Your goal: In the copy, include exactly the lines from the one with "Simple Wall Decor" through the end of the data and no others, both ends kept, with every picture left out.
Top of Data shown
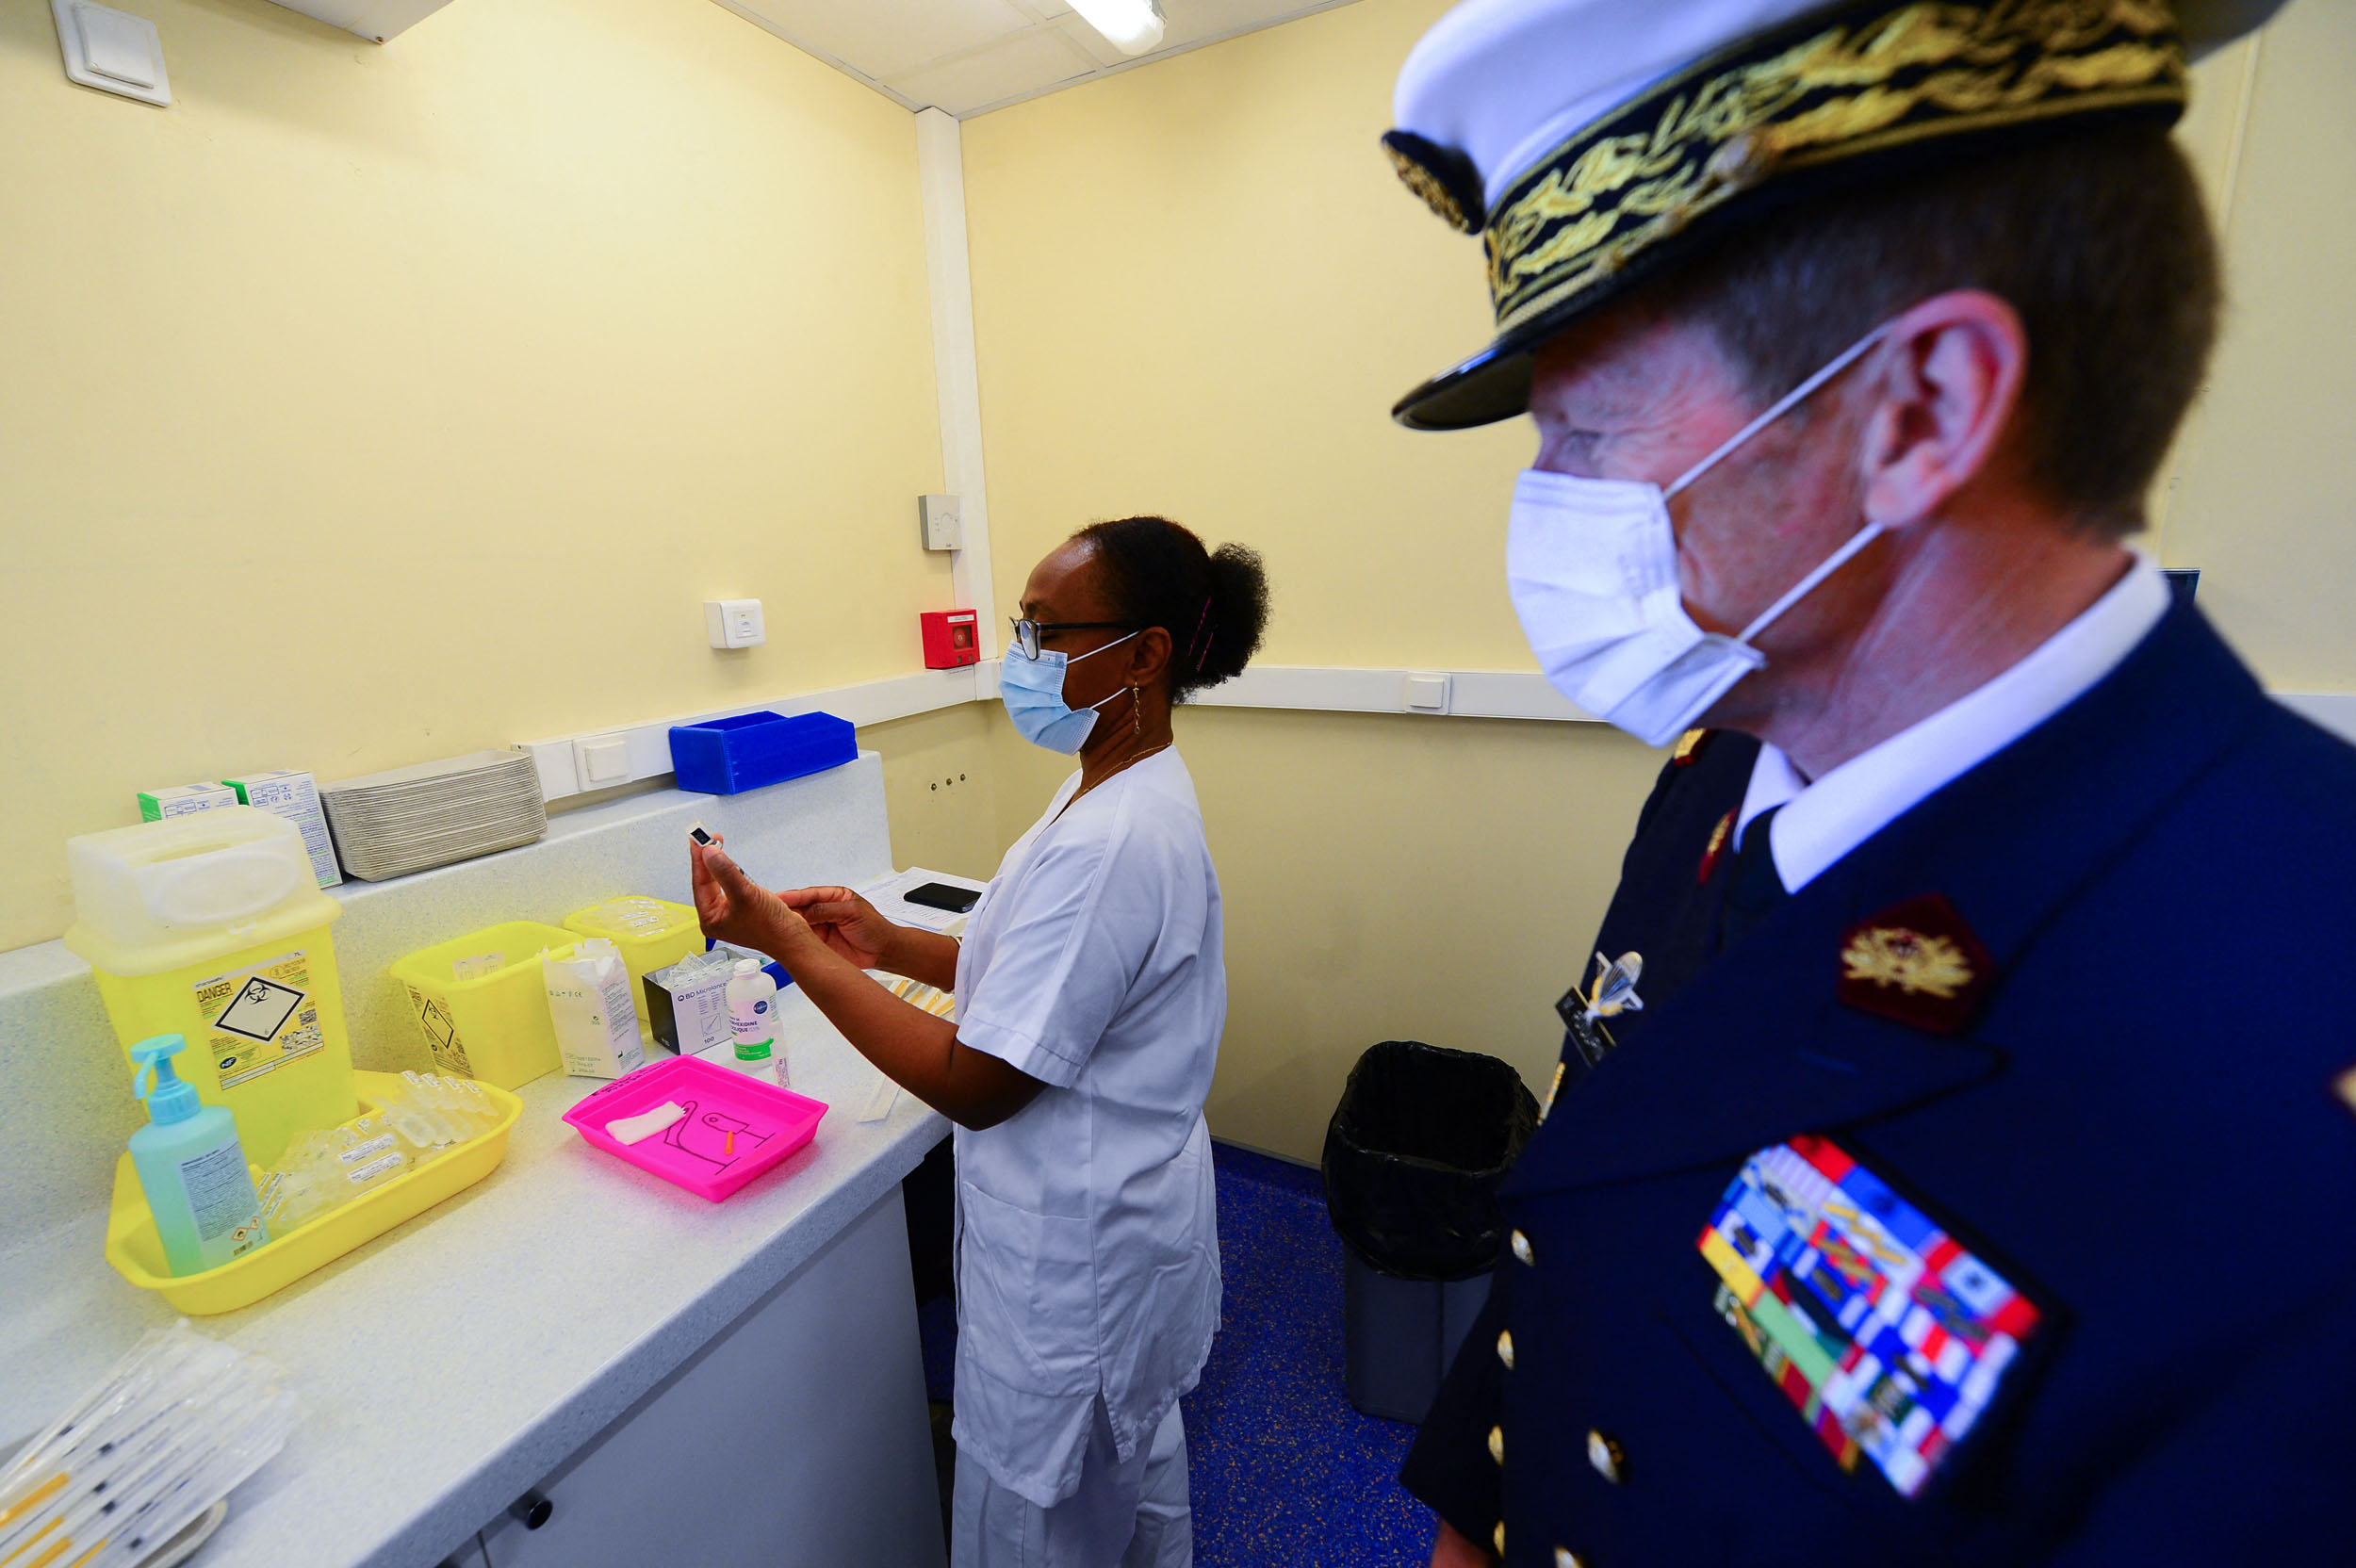 A nurse prepares a serynge with a dose of the Pfizer-BioNTech vaccine against the coronavirus at the Robert Picque military hospital (HIA) in Villenave-d'Ornon, southwestern France, on April 6, 2021, during a vaccination campaign to fight the COVID-19 pandemic. (Photo by MEHDI FEDOUACH / AFP)
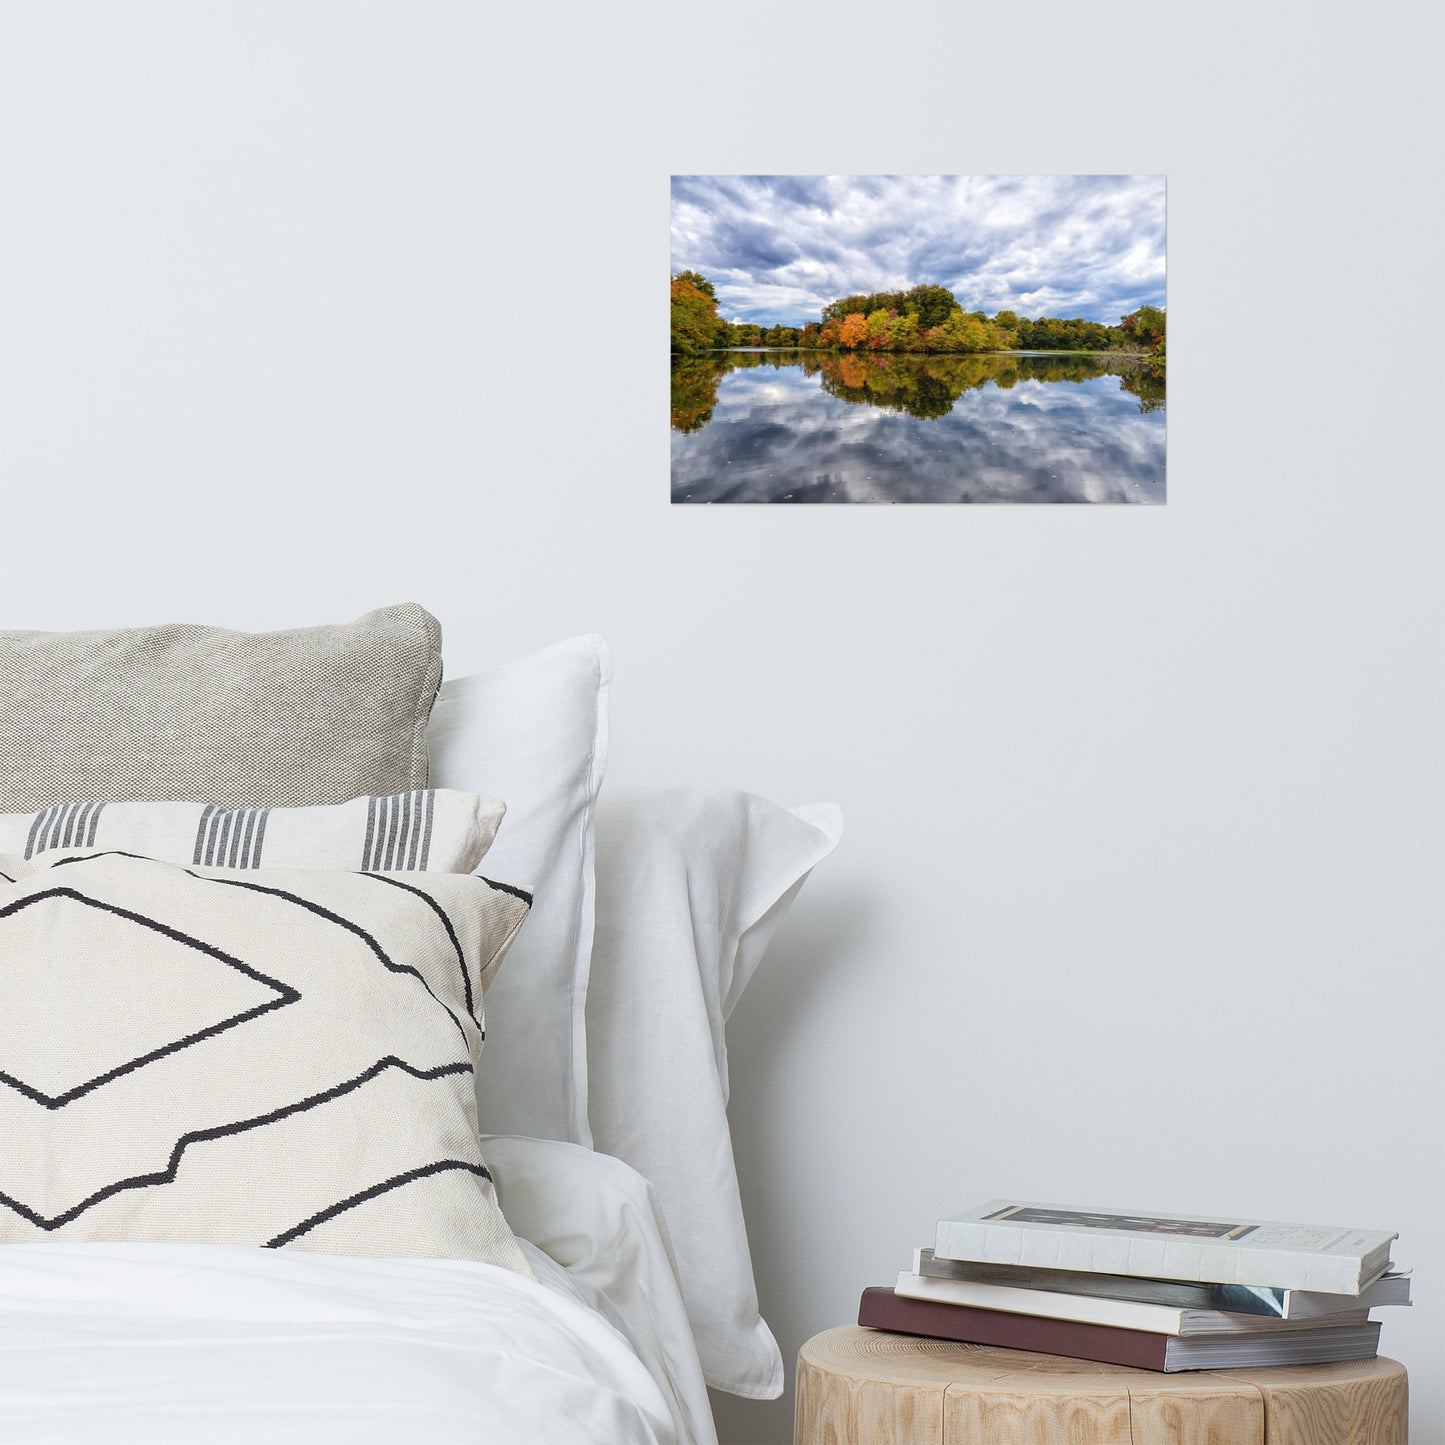 Simple Wall Decor For Bedroom: Fall Trees on Edge of Pond With Stormy Sky - Rustic / Rural / Country Style Landscape / Nature Loose / Unframed / Frameless / Frameable Photograph Wall Art Print - Artwork
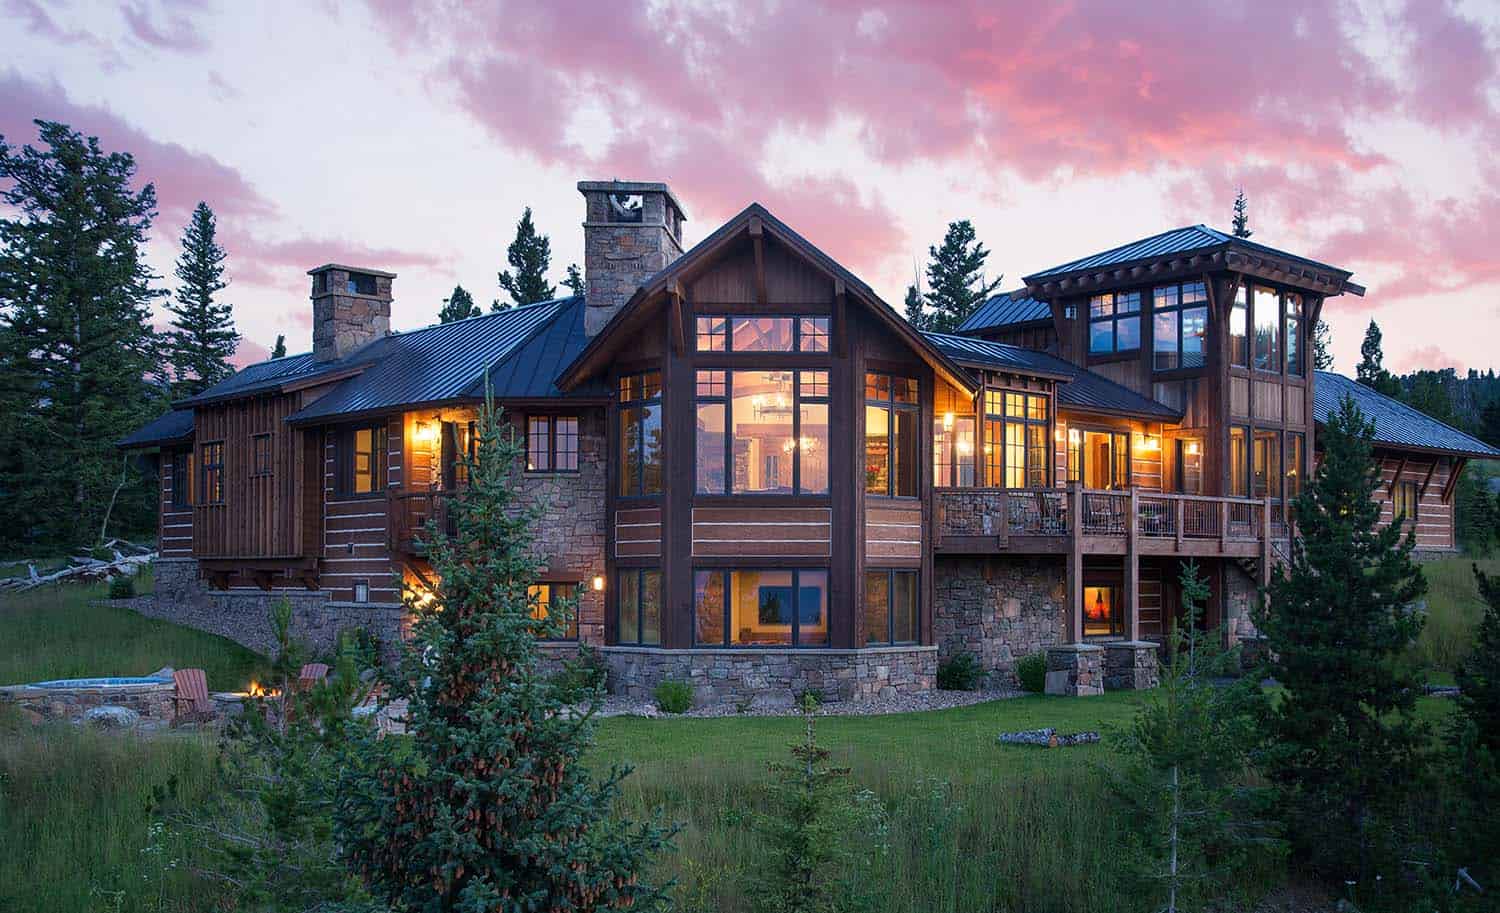 rustic timber frame mountain home exterior at dusk
Bottom of Data shown
Result for this task:
 Simple Wall Decor For Bedroom: Fall Trees on Edge of Pond With Stormy Sky - Rustic / Rural / Country Style Landscape / Nature Loose / Unframed / Frameless / Frameable Photograph Wall Art Print - Artwork
 rustic timber frame mountain home exterior at dusk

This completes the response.